*Task item*: Given the records underneath, please repeat exactly the lines from the line with "Medical Collagene 3D" through the line with "Оперативная память для", passing over any picture.

*Provided information*:

▽

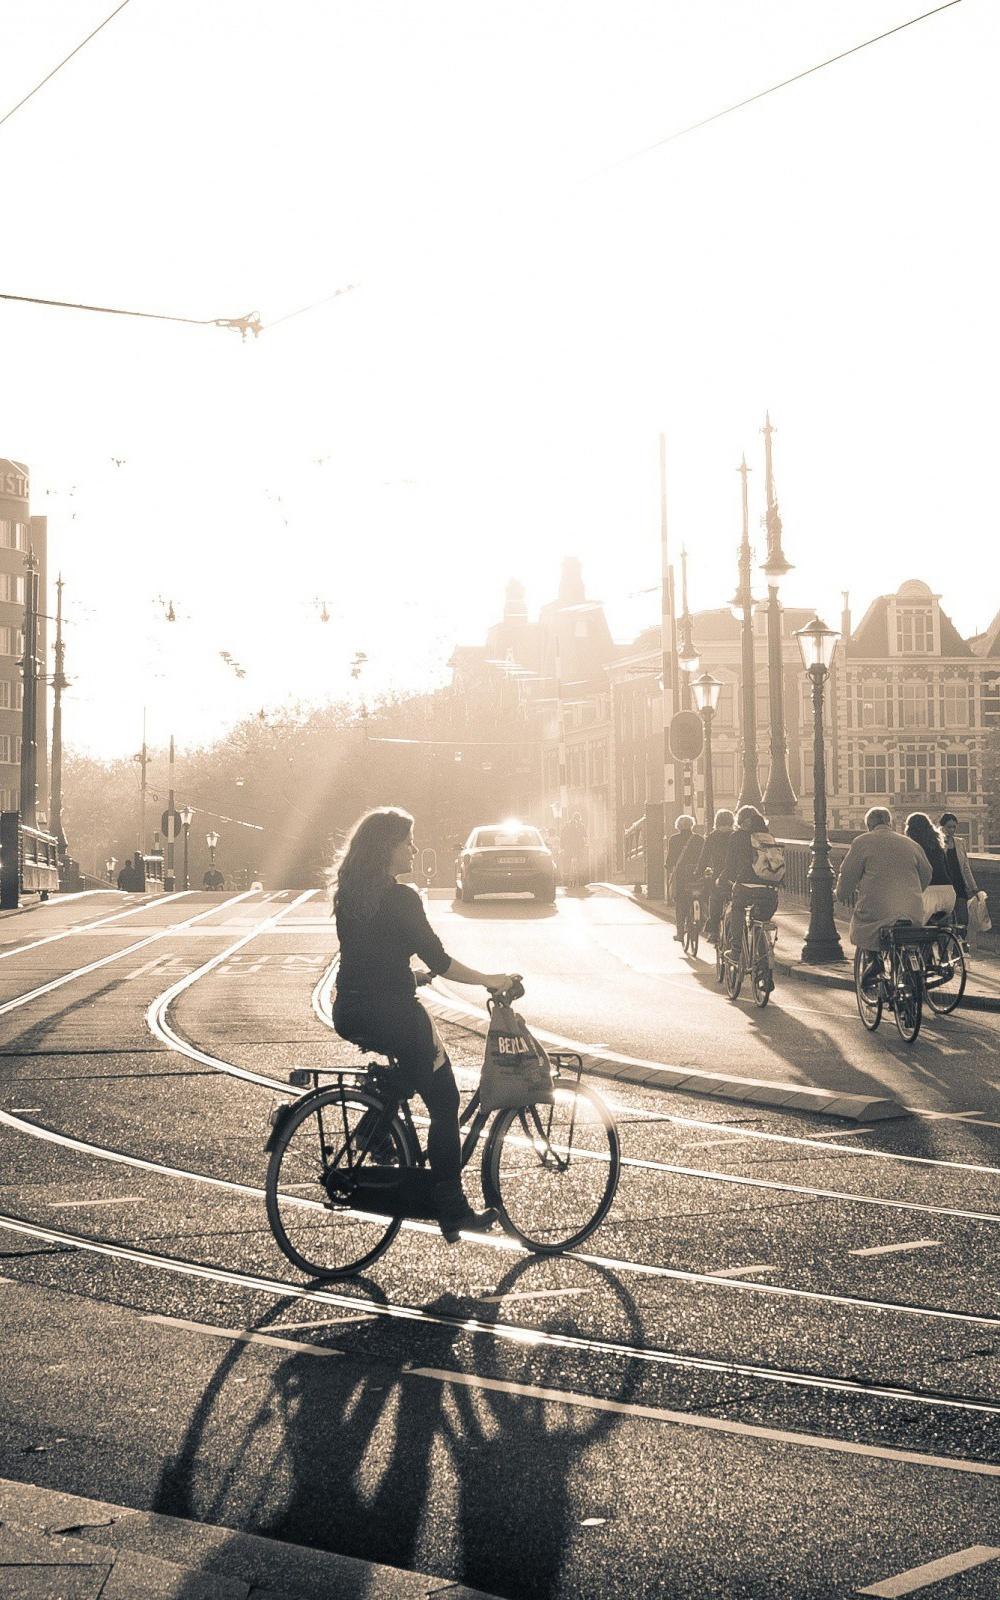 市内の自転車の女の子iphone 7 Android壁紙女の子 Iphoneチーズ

△
▽

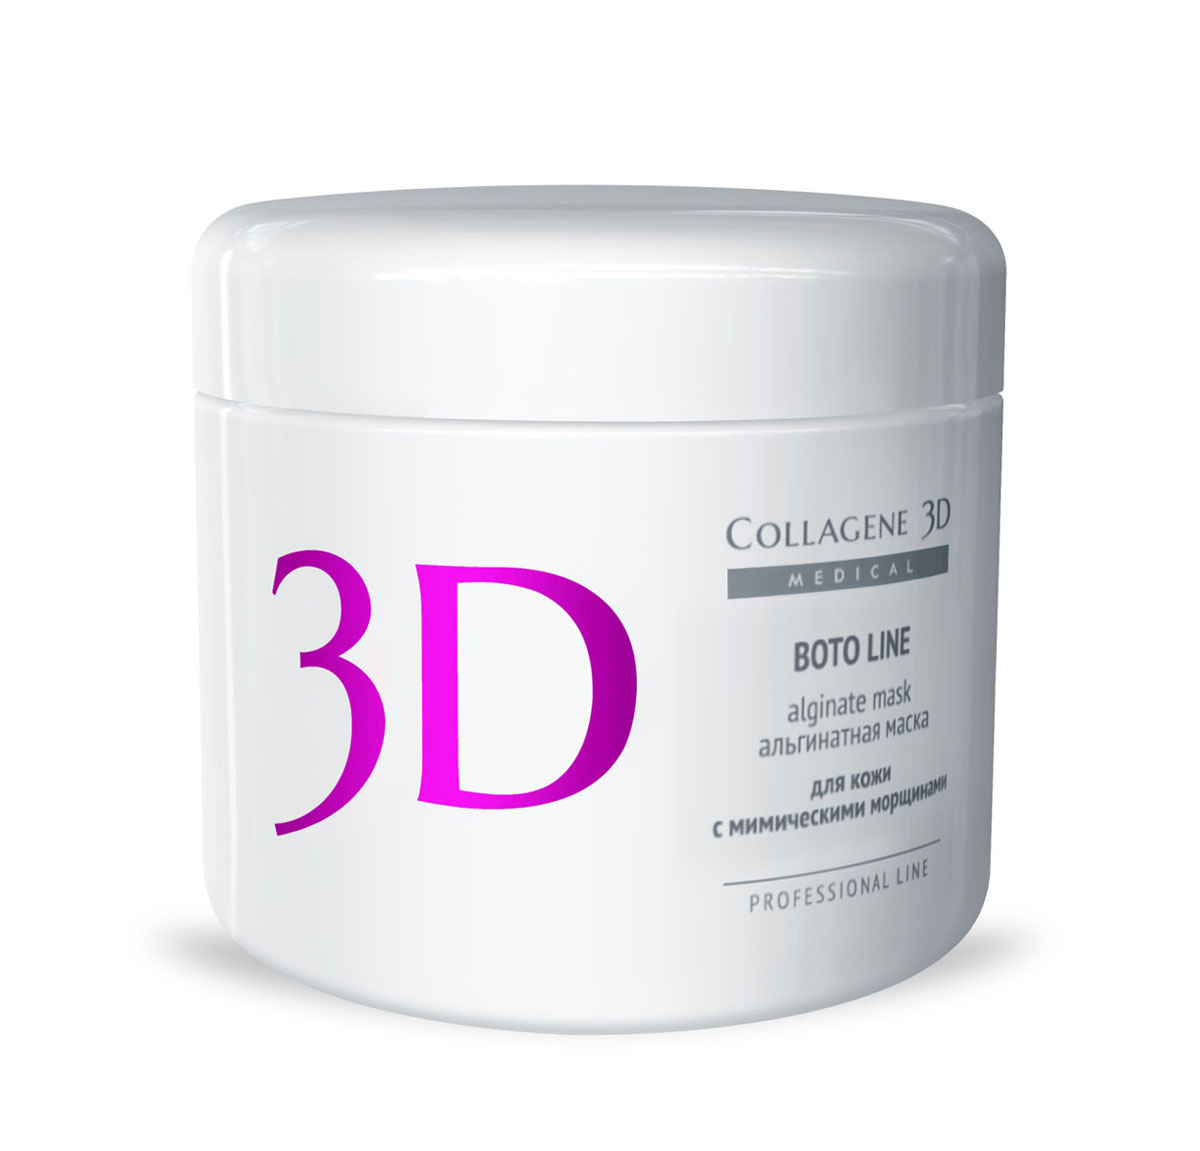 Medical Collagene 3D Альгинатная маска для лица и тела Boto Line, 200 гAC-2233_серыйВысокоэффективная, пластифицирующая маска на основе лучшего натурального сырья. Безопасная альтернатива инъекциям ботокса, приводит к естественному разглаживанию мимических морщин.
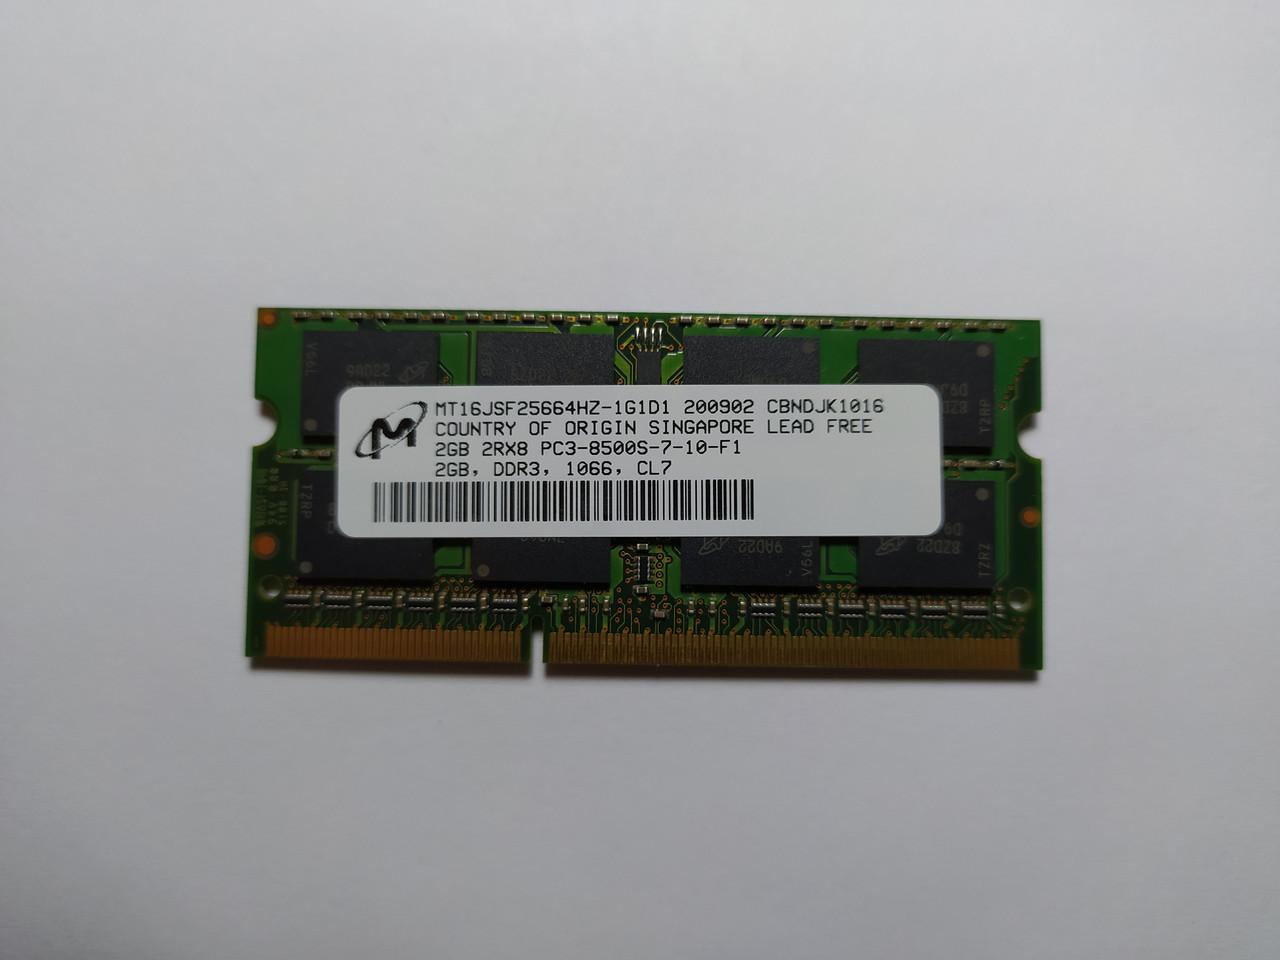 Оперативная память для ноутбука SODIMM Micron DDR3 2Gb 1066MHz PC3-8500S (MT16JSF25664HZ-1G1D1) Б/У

△

*Answer to the problem*:
 Medical Collagene 3D Альгинатная маска для лица и тела Boto Line, 200 гAC-2233_серыйВысокоэффективная, пластифицирующая маска на основе лучшего натурального сырья. Безопасная альтернатива инъекциям ботокса, приводит к естественному разглаживанию мимических морщин.
 Оперативная память для ноутбука SODIMM Micron DDR3 2Gb 1066MHz PC3-8500S (MT16JSF25664HZ-1G1D1) Б/У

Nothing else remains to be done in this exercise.